[REQUIRED WORK] Below is a listing; print exactly its lines from the one containing "Katy Perry da" down to the one containing "Brainchild kapky klasický", both inclusive, with every picture left out.
──────── DATA EXTRACT ────────
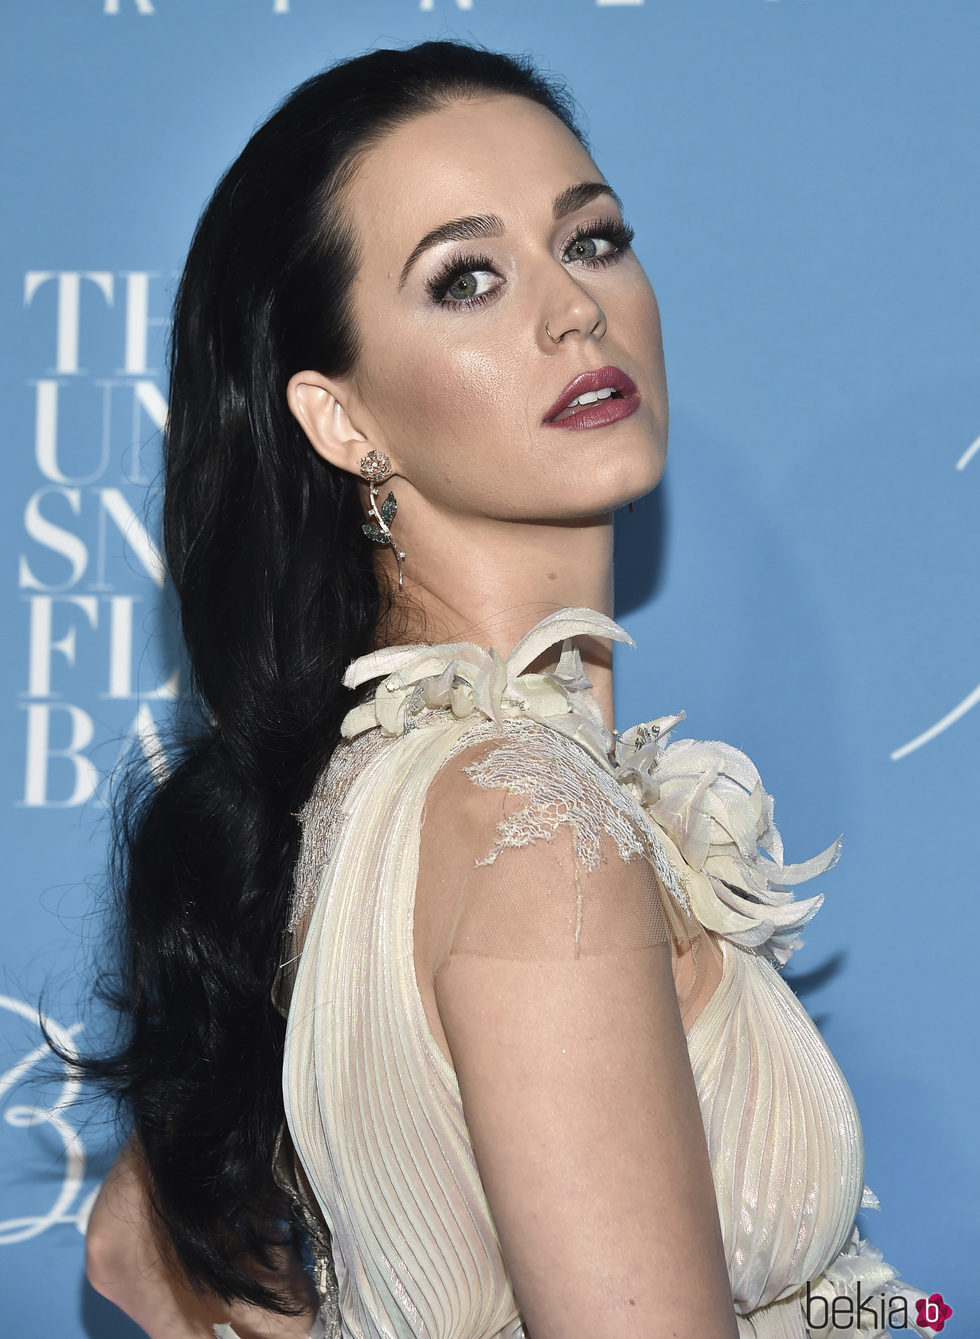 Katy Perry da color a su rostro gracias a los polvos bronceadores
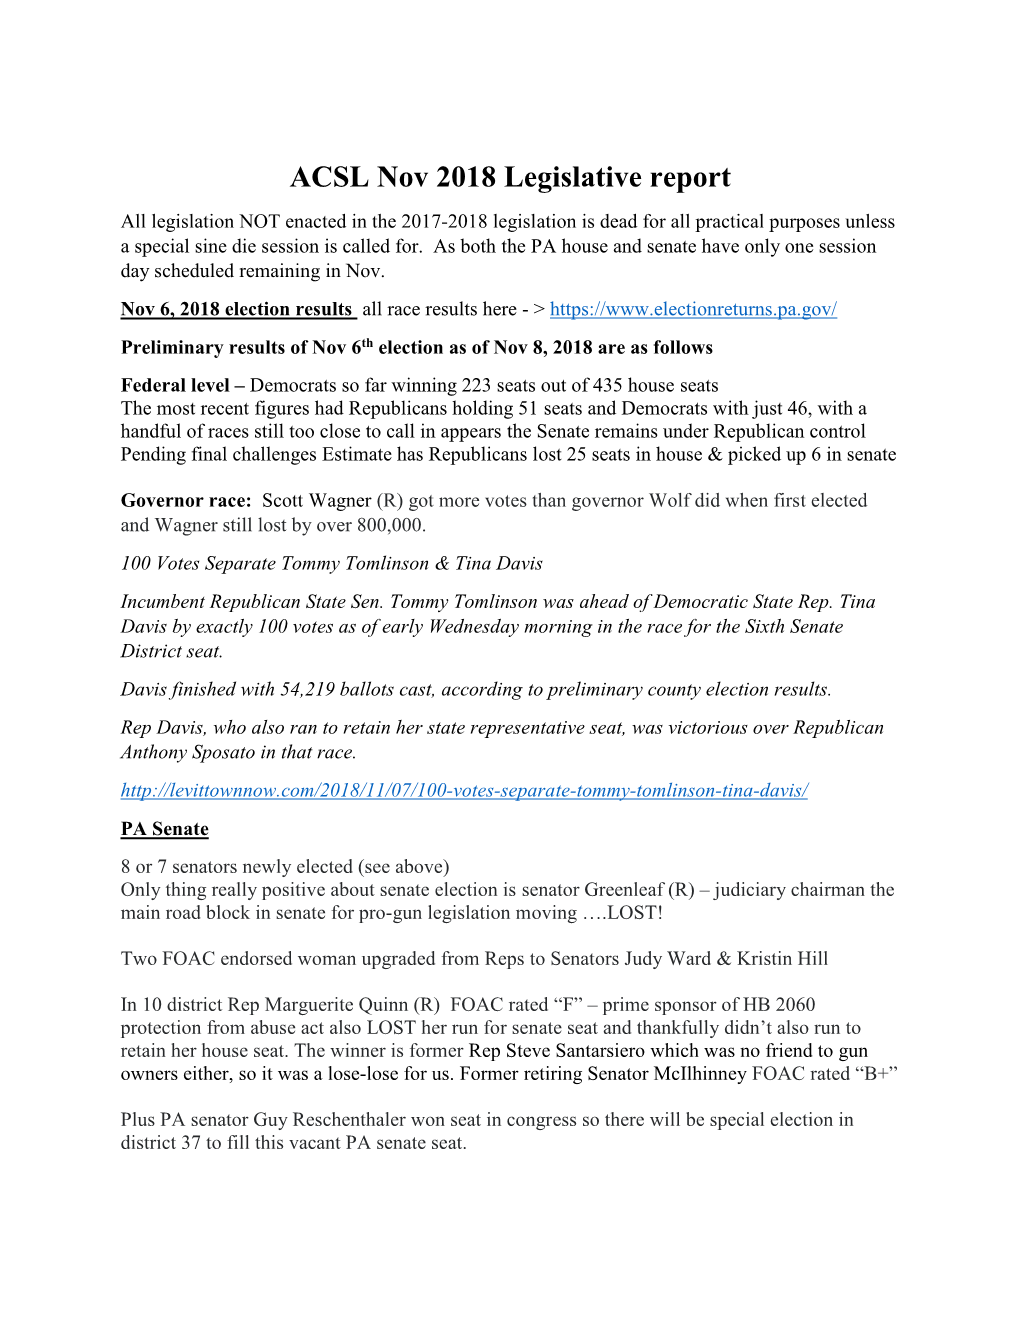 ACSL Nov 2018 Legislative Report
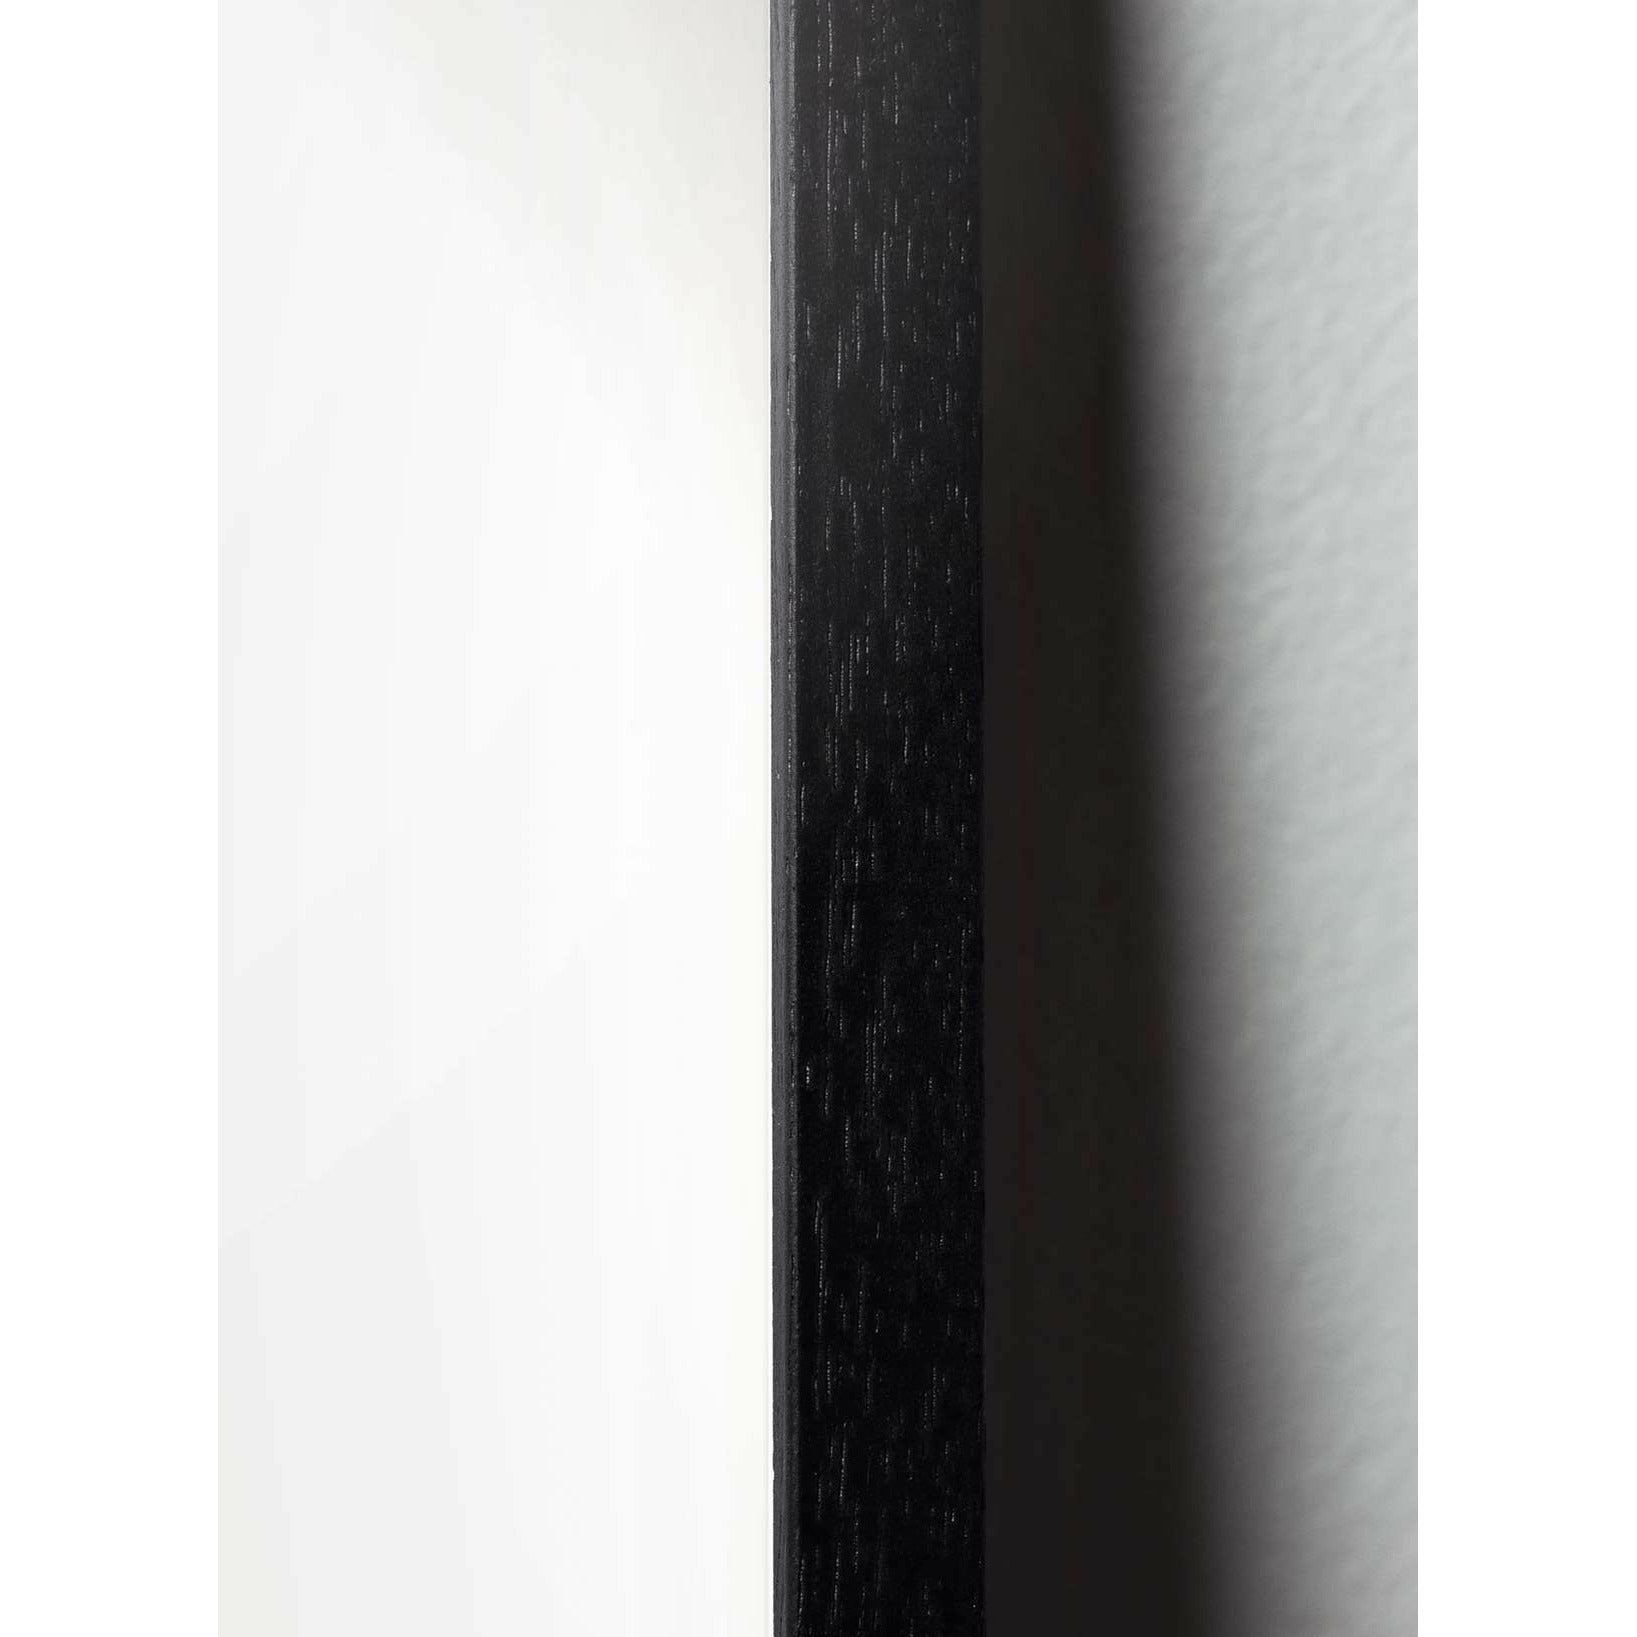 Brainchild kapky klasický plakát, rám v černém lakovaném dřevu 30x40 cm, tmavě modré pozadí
────────
──────── DATA EXTRACT ────────
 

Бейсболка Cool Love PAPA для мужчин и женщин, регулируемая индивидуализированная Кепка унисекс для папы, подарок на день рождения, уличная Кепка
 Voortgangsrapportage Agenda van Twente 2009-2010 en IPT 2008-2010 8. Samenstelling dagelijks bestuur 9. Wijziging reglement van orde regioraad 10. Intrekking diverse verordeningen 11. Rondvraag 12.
────────
[EXERCISE RESPONSE]
 Katy Perry da color a su rostro gracias a los polvos bronceadores
 ACSL Nov 2018 Legislative Report
 Brainchild kapky klasický plakát, rám v černém lakovaném dřevu 30x40 cm, tmavě modré pozadí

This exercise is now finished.